Example of a JOIN Query

Once the configuration is set up correctly, you can easily join the target’s Transactions table with the remote foreign_products:

SELECT   
    t.transaction_id,  
    f.product_name,   
    f.category,    
    t.quantity,       
    t.total_price,      
    t.transaction_date  
FROM      
    transactions t 
JOIN   
    foreign_products f
ON    
    t.product_id = f.product_id
WHERE    
    f.category = 'Electronics';

Fields such as f.product_name and f.category come from the Aurora table in real time.
t.transaction_date is a local column in the target (Transactions) table.

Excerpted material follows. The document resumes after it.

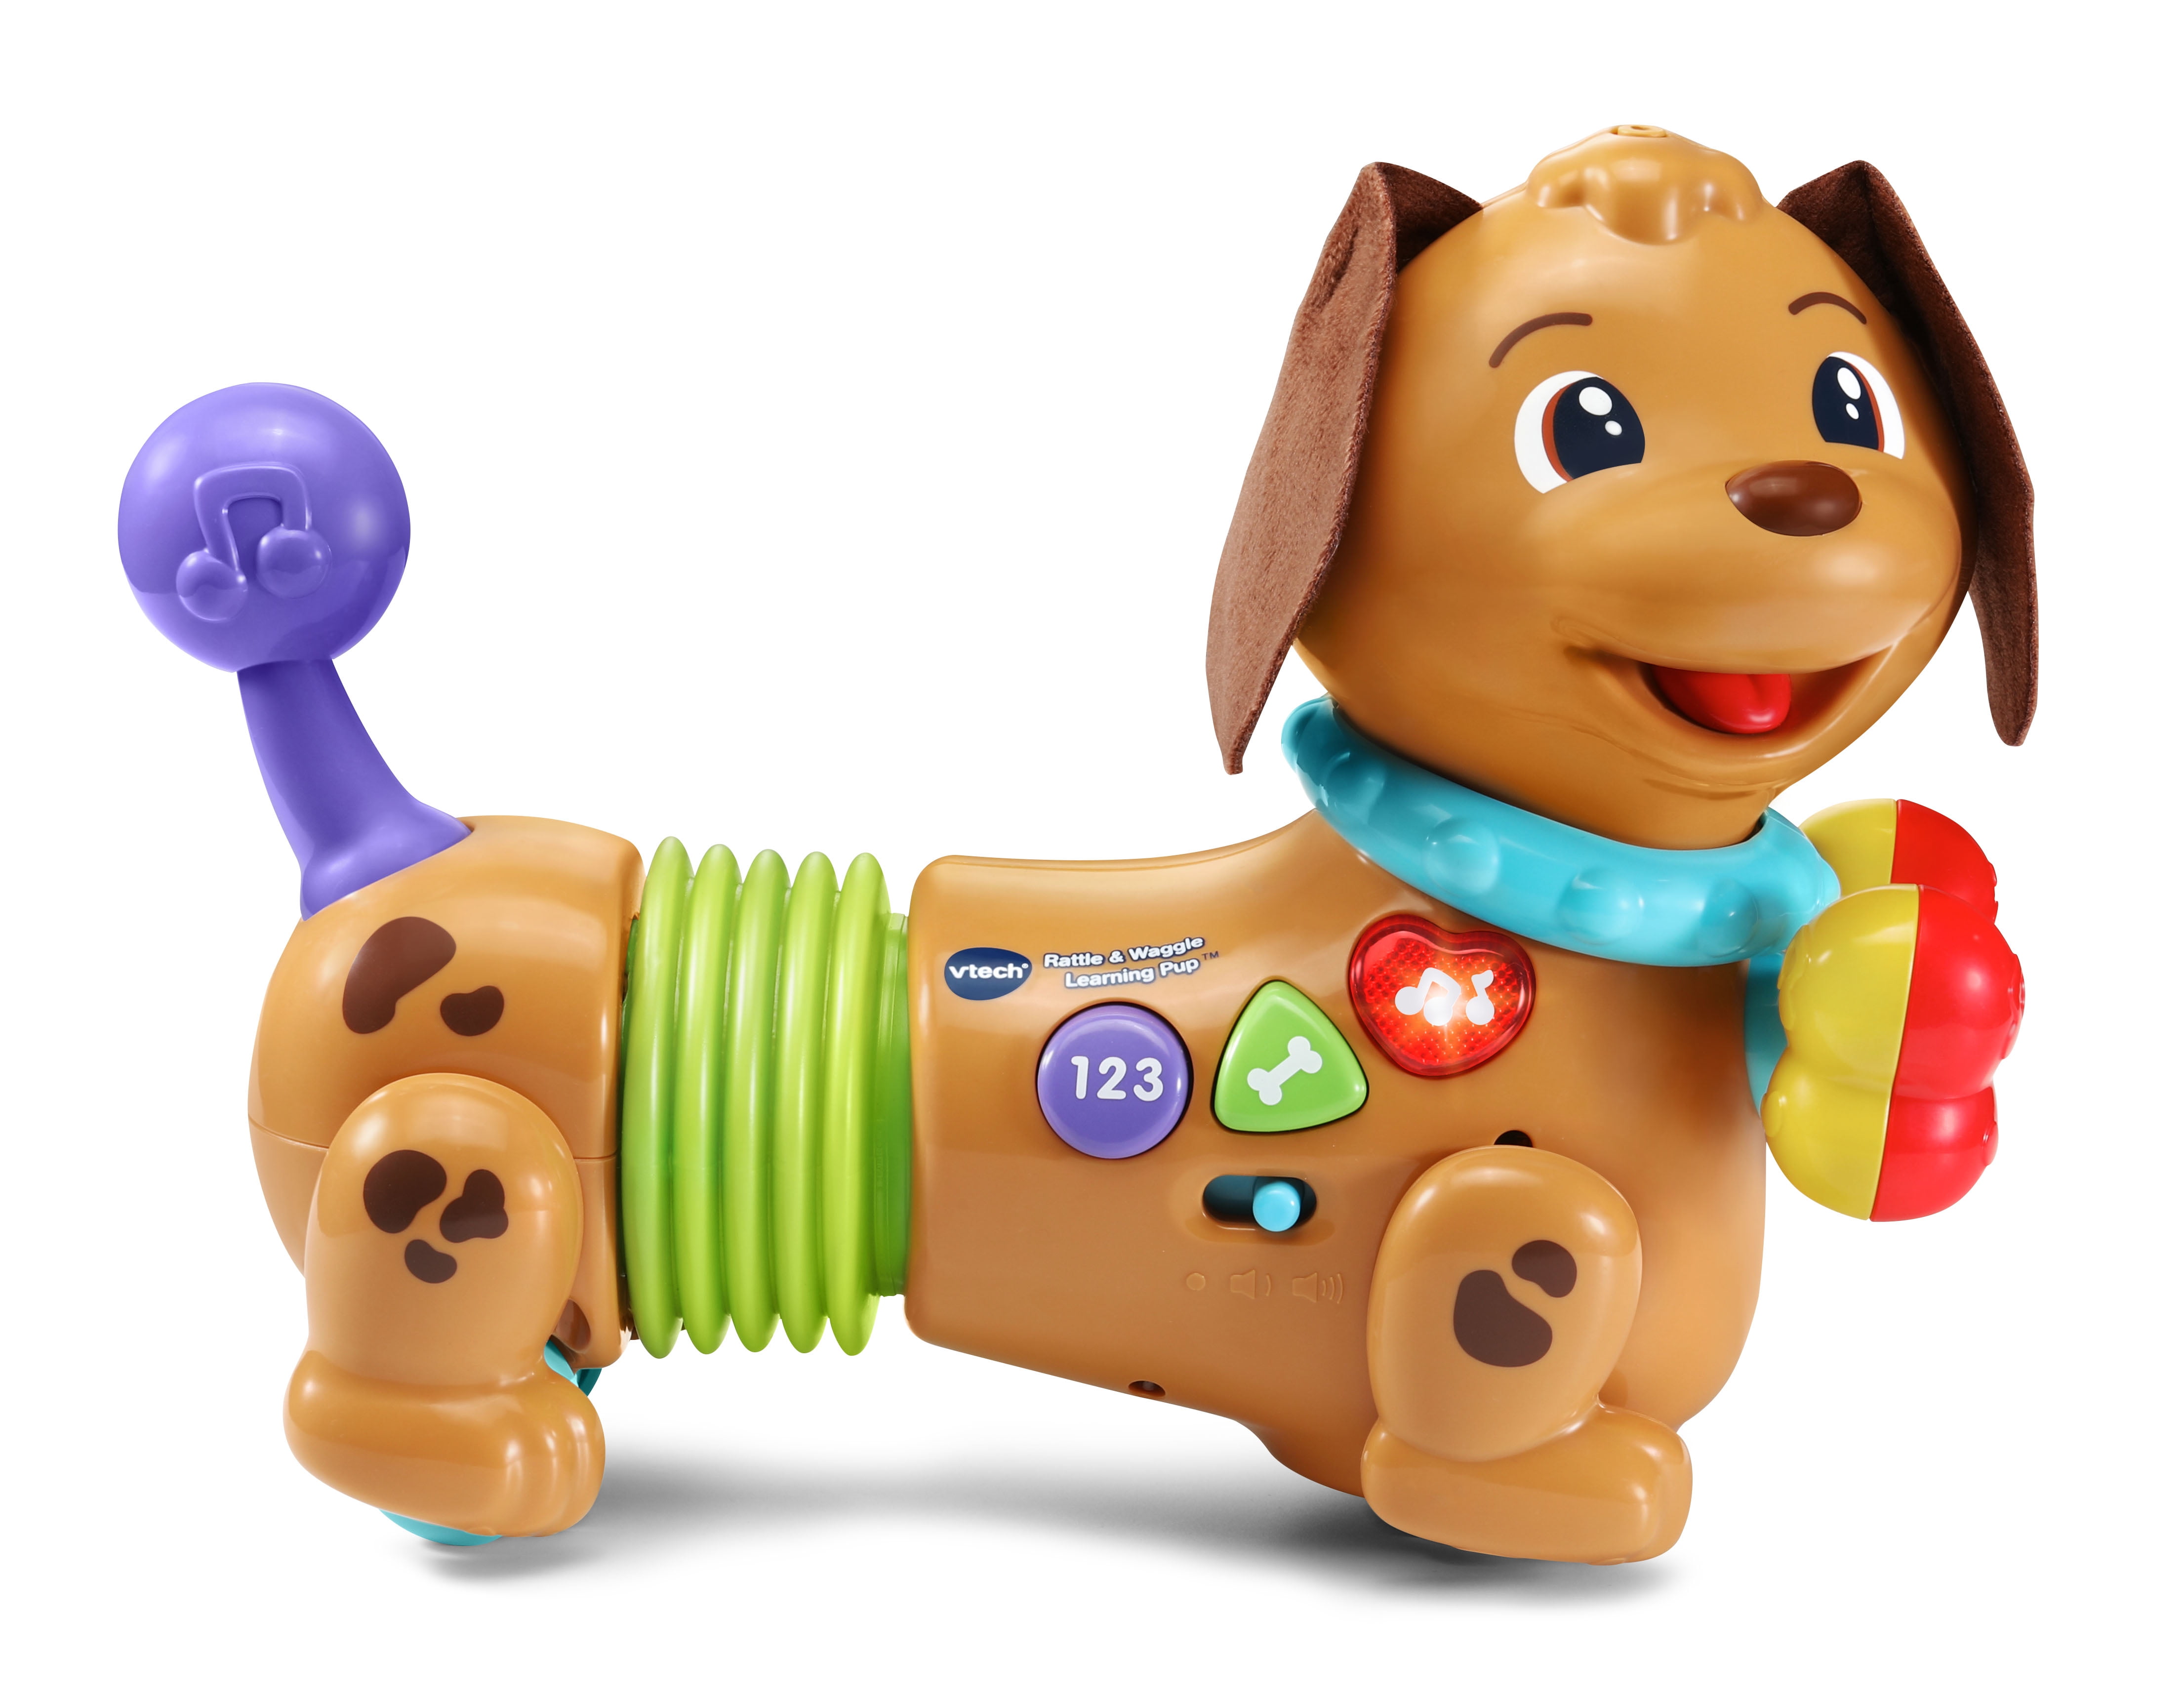 Vtech Rattle And Waggle Learning Pup Learning Toy For Toddlers Walmart Com Walmart Com,Cucumber Martini Hendricks

This makes it straightforward to leverage the latest source database information on the target side.

Sample Results (Excerpt)

            transaction_id            | product_name |  category   | quantity | total_price |  transaction_date   
--------------------------------------+--------------+-------------+----------+-------------+---------------------
 f8b8b097-75ce-47e6-8fb8-42adbf3456fc | Growth       | Electronics |        4 |      421.16 | 2025-01-02 21:57:27
 8b8a1390-6f24-4d07-9239-adc5df9ab92e | Lose         | Electronics |        6 |      448.08 | 2025-01-03 03:29:54
 86386a4b-4eda-4ff4-9854-87b65d58e3aa | Without      | Electronics |        7 |     2537.57 | 2025-01-01 20:44:28
 203291b1-24af-443e-ad34-092151a99c61 | Wonder       | Electronics |        8 |     2098.00 | 2025-01-02 14:48:15
 fd75b3fa-f564-4599-9faf-c29dd42f82e3 | How          | Electronics |        3 |     1176.63 | 2025-01-02 15:22:55
 42a281a5-de30-4bf2-b528-bd3b942e35b6 | Pattern      | Electronics |        2 |      186.56 | 2025-01-01 06:54:58
 03a7c005-9f1c-46ca-b102-352dd0ed32ae | Win          | Electronics |        6 |     2955.60 | 2025-01-01 13:39:38
 6bc0bdd8-0d9e-47a8-853a-69ac235ca983 | Successful   | Electronics |        2 |      986.18 | 2025-01-02 23:59:29
 aaffdb6e-dbd1-4f33-a788-d62bdbf012bd | Every        | Electronics |        1 |      184.57 | 2025-01-02 07:48:06
 76f0a5db-297a-42fc-b8e6-d0e874031471 | Sing         | Electronics |        3 |     1426.11 | 2025-01-03 02:17:25
 b1dd0e57-4b49-413c-9514-aeb879200138 | Paper        | Electronics |        5 |      481.60 | 2025-01-01 04:53:51
 23f60790-6cb8-4c67-8c2c-60afe30289fb | Teacher      | Electronics |        6 |      429.30 | 2025-01-02 21:37:51
 638f7951-7a70-4da5-b87d-41e681143811 | Society      | Electronics |        3 |      302.22 | 2025-01-04 04:47:11

Performance

In PostgreSQL’s Foreign Data Wrapper (FDW), there is no built-in caching mechanism. Each time you access a foreign table, a query is sent to the remote database (the server configured for FDW) to retrieve the latest data.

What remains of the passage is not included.